Popular LLMs share strengths and weaknesses when it comes to creating code

Increasing pressure to build and launch applications quickly has seen a rise in the use of AI to generate code. New analysis from Sonar, looking at the quality and security of software code produced by top Large Language Models (LLMs), finds significant strengths as well as material challenges across the tested models.

The study used a proprietary analysis framework for assessing LLM-generated code, tasking the LLMs with over 4,400 Java programming assignments. The LLMs evaluated in the study include Anthropic’s Claude Sonnet 4 and 3.7, OpenAI’s GPT-4o, Meta’s Llama-3.2-vision:90b, and OpenCoder-8B.

“The rapid adoption of LLMs for writing code is a testament to their power and effectiveness,” says Tariq Shaukat, CEO of Sonar. “To really get the most from them, it is crucial to look beyond raw performance to truly understand the full mosaic of a model’s capabilities. Understanding the unique personality of each model, and where they have strengths but also are likely to make mistakes, can ensure each model is used safely and securely.”

All of the models tested show a strong ability to generate syntactically correct code and boilerplate for common frameworks and functions, which reliably speeds up the initial stages of development. For example, Claude Sonnet 4’s success rate of 95.57 percent on HumanEval demonstrates a very high capability to produce valid, executable code.

The models also possess a strong foundational understanding of common algorithms and data structures. They can create viable solutions for well-defined problems, which serve as a solid starting point for more complex features. They’re highly effective at translating code concepts and snippets from one programming language to another too. This makes them a powerful tool for developers who work with different technology stacks.

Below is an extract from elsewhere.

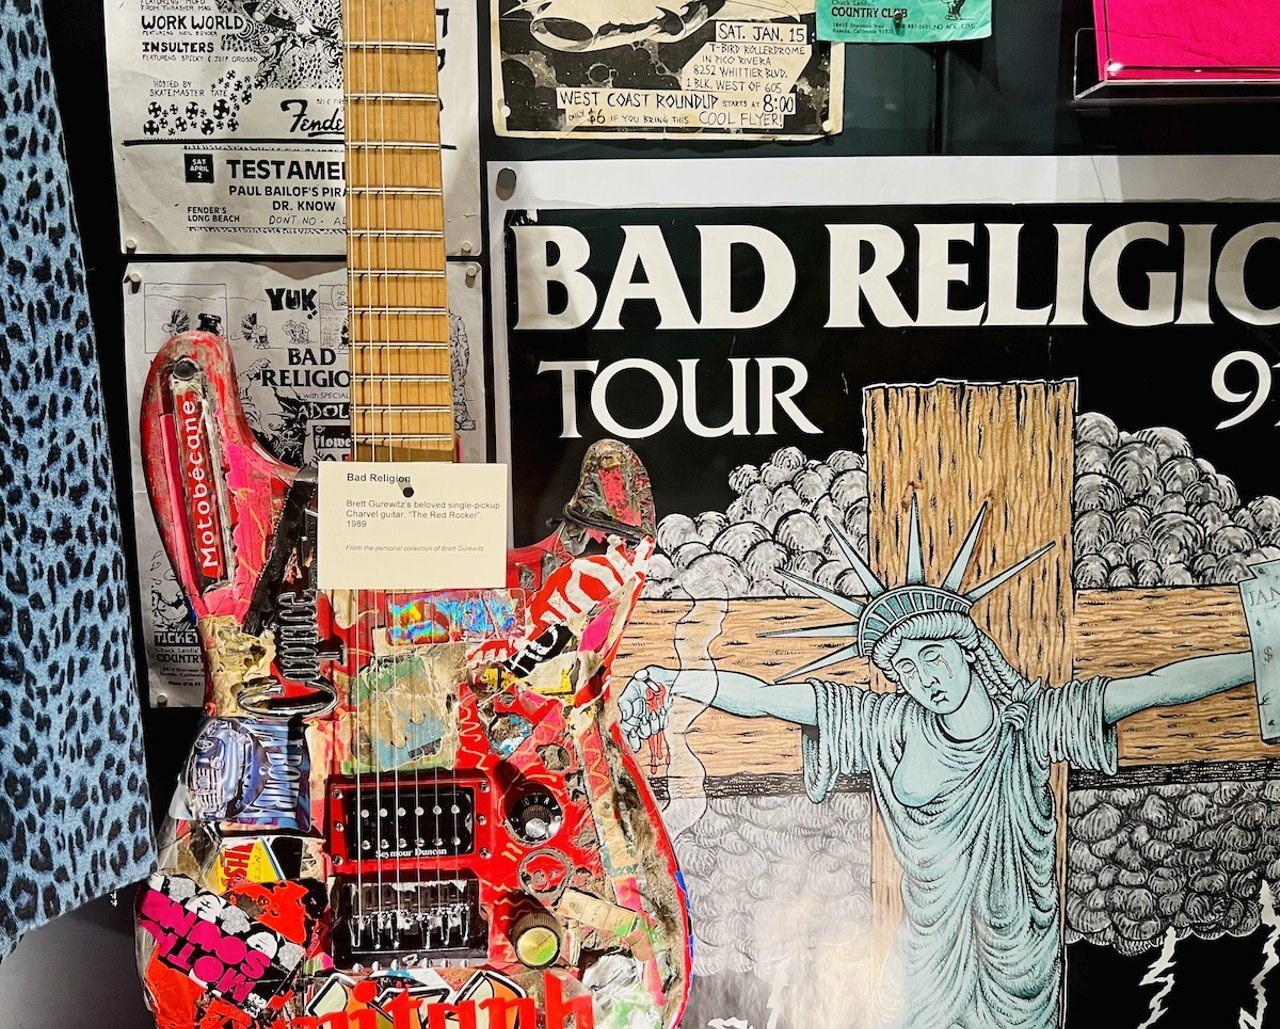 Brett Gurewitz of Bad Religion's guitar | The Punk Rock Museum in Las Vegas, Nevada

There are also shared flaws, however. All evaluated models demonstrate significant gaps in security. Critical flaws like hard-coded credentials and path-traversal injections were common across all models. While the exact number varies between models, all evaluated LLMs produced a high percentage of vulnerabilities with the highest severity ratings. For Llama-3.2-vision:90b, over 70 percent of its vulnerabilities are considered ‘blocker’ level of severity; for GPT-4o, it’s 62.5 percent; and for Claude Sonnet 4, it is nearly 60 percent.

In addition all models tested show a bias toward messy code, over 90 percent of the issues found were ‘code smells ‘ — indicators of poor structure, low maintainability, and future technical debt.

Better performance also comes with more risk, while Claude Sonnet 4 improved its performance benchmark pass rate by 6.3 percent over Claude 3.7 Sonnet, meaning it solved problems more correctly, this performance gain came at a price. The percentage of high-severity bugs rose by 93 percent.

Interestingly the research found unique ‘coding personalities’ for each LLM based on a quantifiable analysis across three personality traits: verbosity, complexity and communication and documentation.

The report highlights a need for a more nuanced understanding that supplements performance benchmark scores with a direct assessment of the code’s security, reliability, and maintainability. Businesses need to adopt a ‘trust and verify’ approach, including robust governance and analysis of all AI-generated code.

The full report is available from the Sonar site.

Image credit: meshcube/depositphotos.com

Related Posts

The cost conundrum of cloud computing

The challenges and opportunities of generative AI [Q&A]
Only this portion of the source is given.